Calculate the test accuracy using the best_estimator_
Code
xgb_model    = xgb_grid.best_estimator_
xgb_test_acc = accuracy_score(y_test_0, xgb_model.predict(X_test))

print(f"Best parameters:       {xgb_grid.best_params_}")
print(f"XGBoost test accuracy: {xgb_test_acc:.3f}")
Best parameters:       {'learning_rate': 0.2, 'n_estimators': 500}
XGBoost test accuracy: 0.847

How does XGBoost’s test accuracy compare to the tuned random forest? What combination of n_estimators and learning_rate performed best?

Step 9: Model Comparison

Collect the test accuracy for all four models and plot them together.

Code
model_names = ['Decision Tree\n(untuned)', 'Decision Tree\n(tuned)', 'Bagging\n(tuned)', 'Random Forest\n(tuned)', 'XGBoost\n(tuned)']
test_accs   = [dt_test_acc, dt_tuned_test_acc, bag_test_acc, rf_best_acc, xgb_test_acc]
colors      = ['#c6dbef', '#9ecae1', '#4292c6', '#08519c', '#2ca25f']

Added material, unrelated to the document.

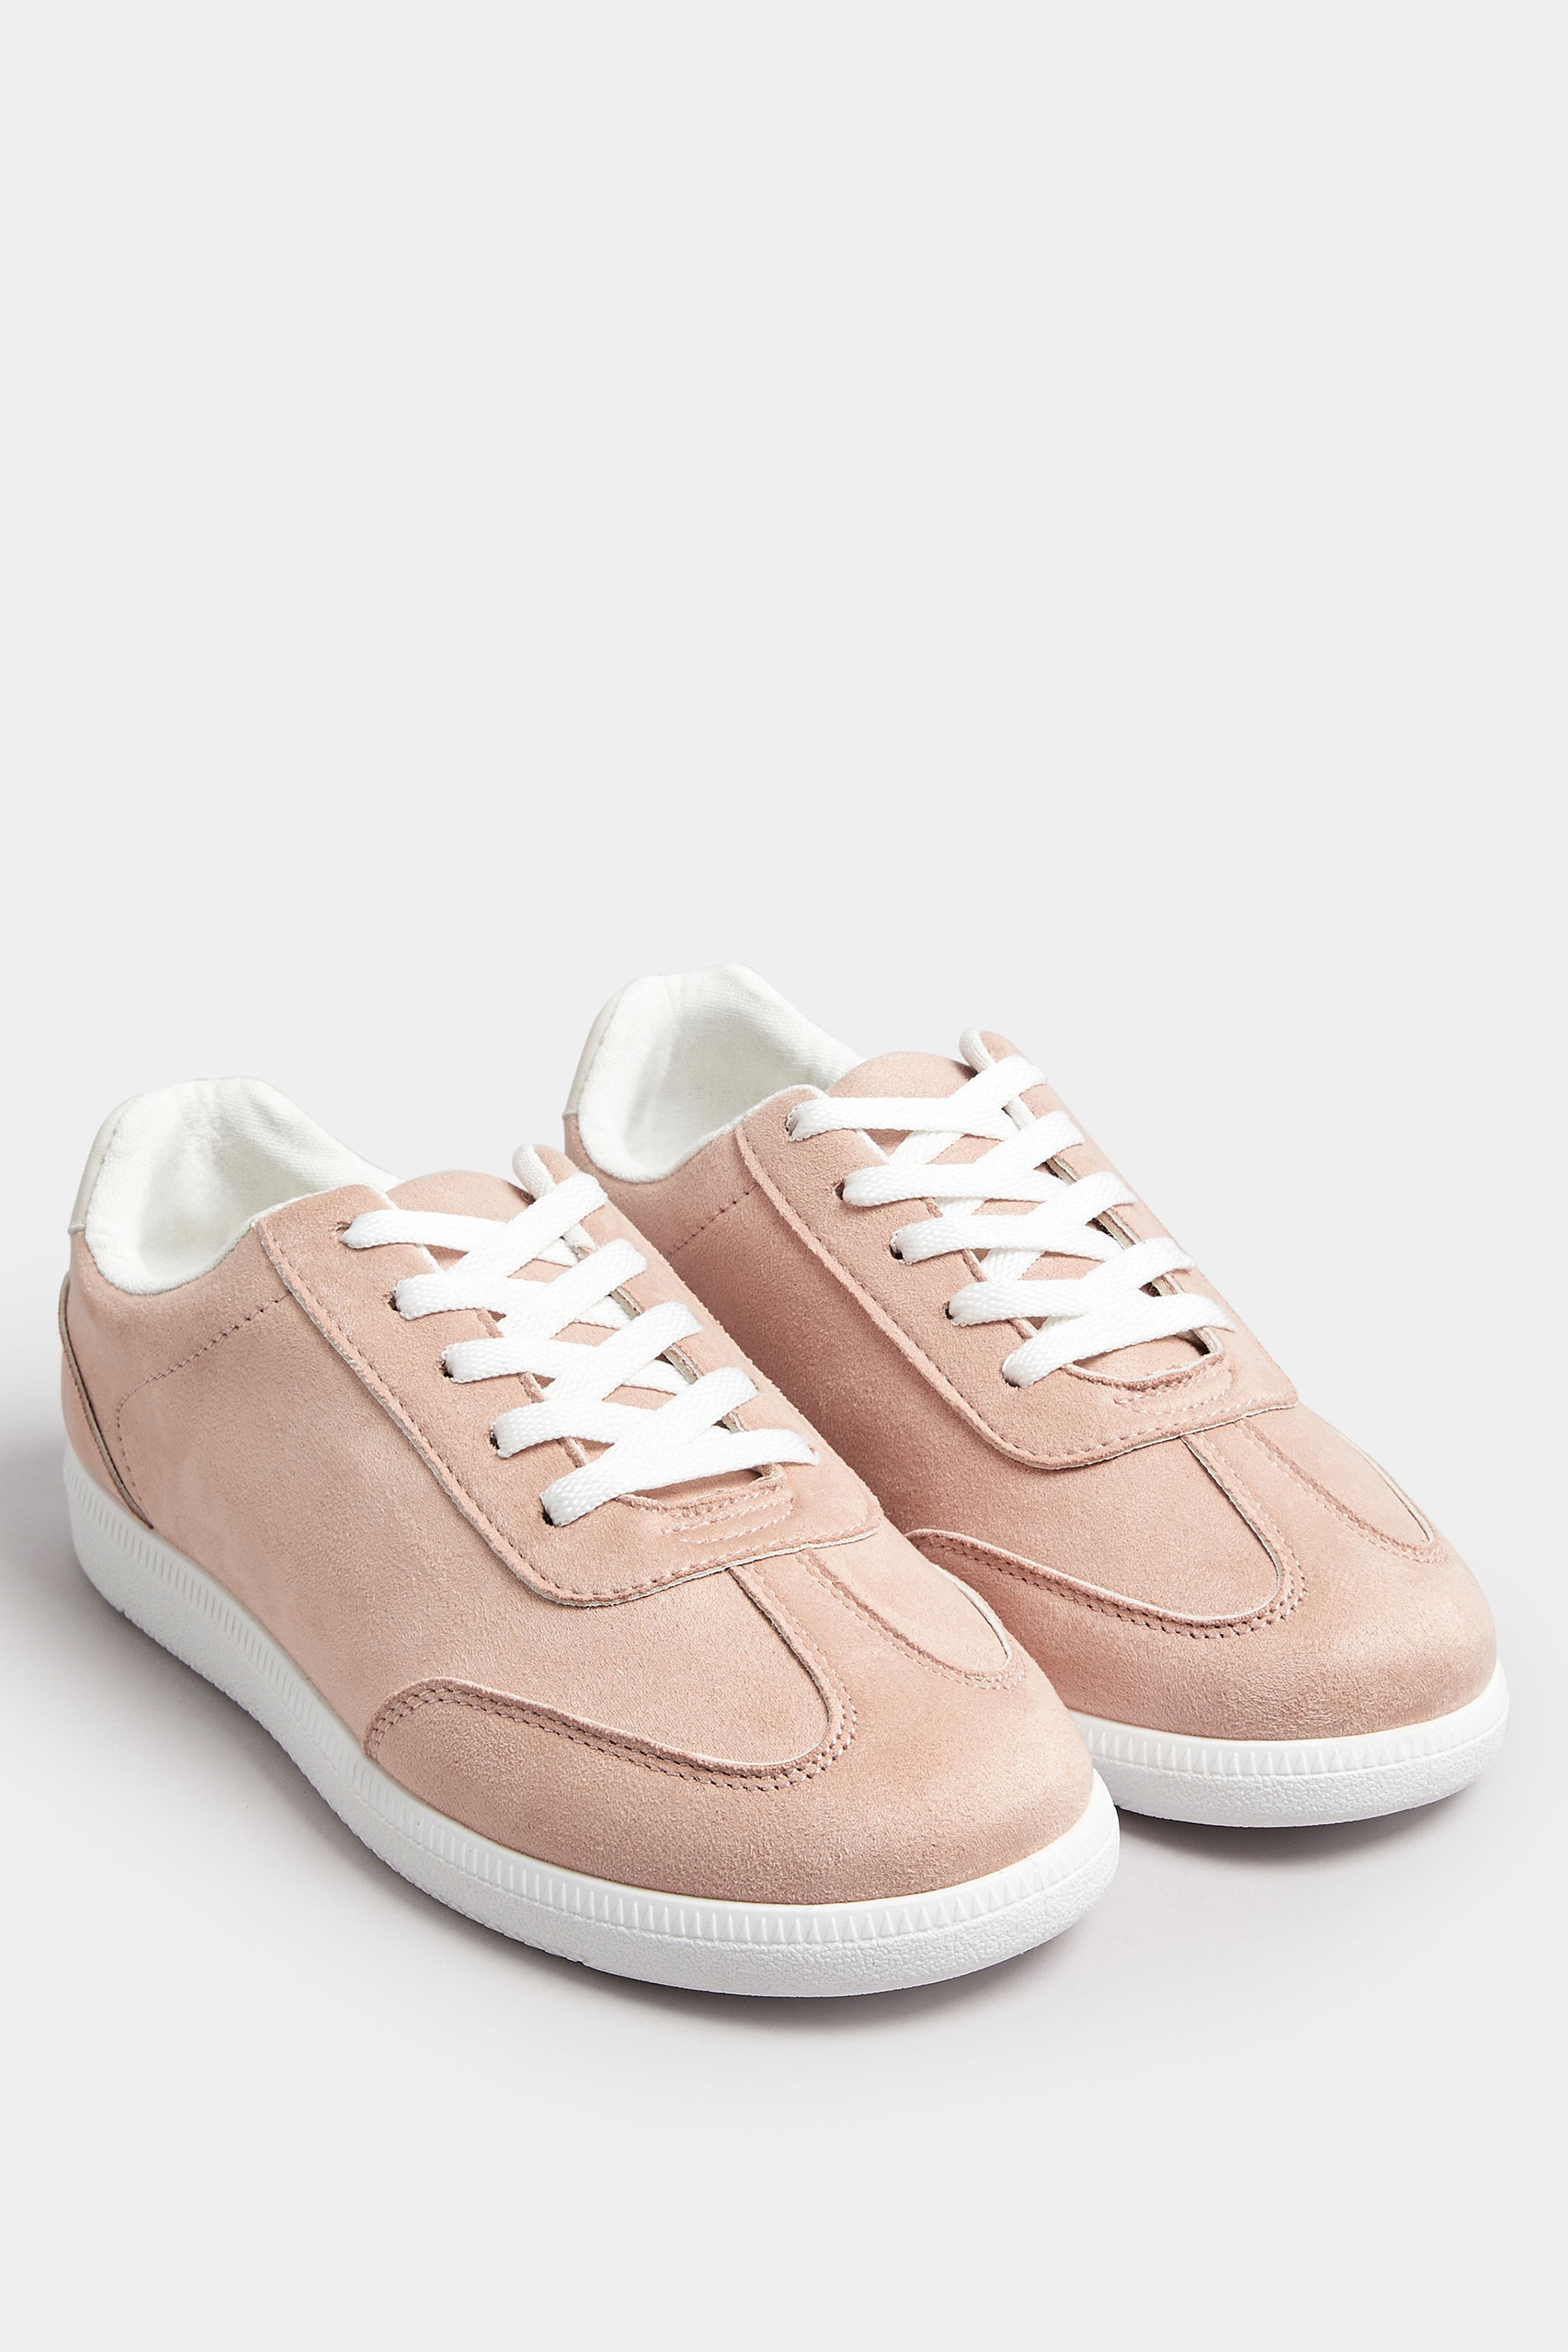 Pink Retro Trainers In Extra Wide EEE Fit | Yours Clothing 2

fig, ax = plt.subplots(figsize=(10, 5))
bars = ax.bar(model_names, test_accs, color=colors, edgecolor='white', width=0.55)
ax.set_ylim(0.6, 1.0)
ax.set_ylabel('Test Accuracy')
ax.set_title('Ensemble Methods: Test Accuracy on Forest Cover Type')

for bar, acc in zip(bars, test_accs):
    ax.text(bar.get_x() + bar.get_width() / 2., bar.get_height() + 0.006,
            f'{acc:.3f}', ha='center', va='bottom', fontsize=10, fontweight='bold')

plt.tight_layout()
plt.show()

Discussion Question 1. Which ensemble method performed best on this dataset? Does the ranking surprise you?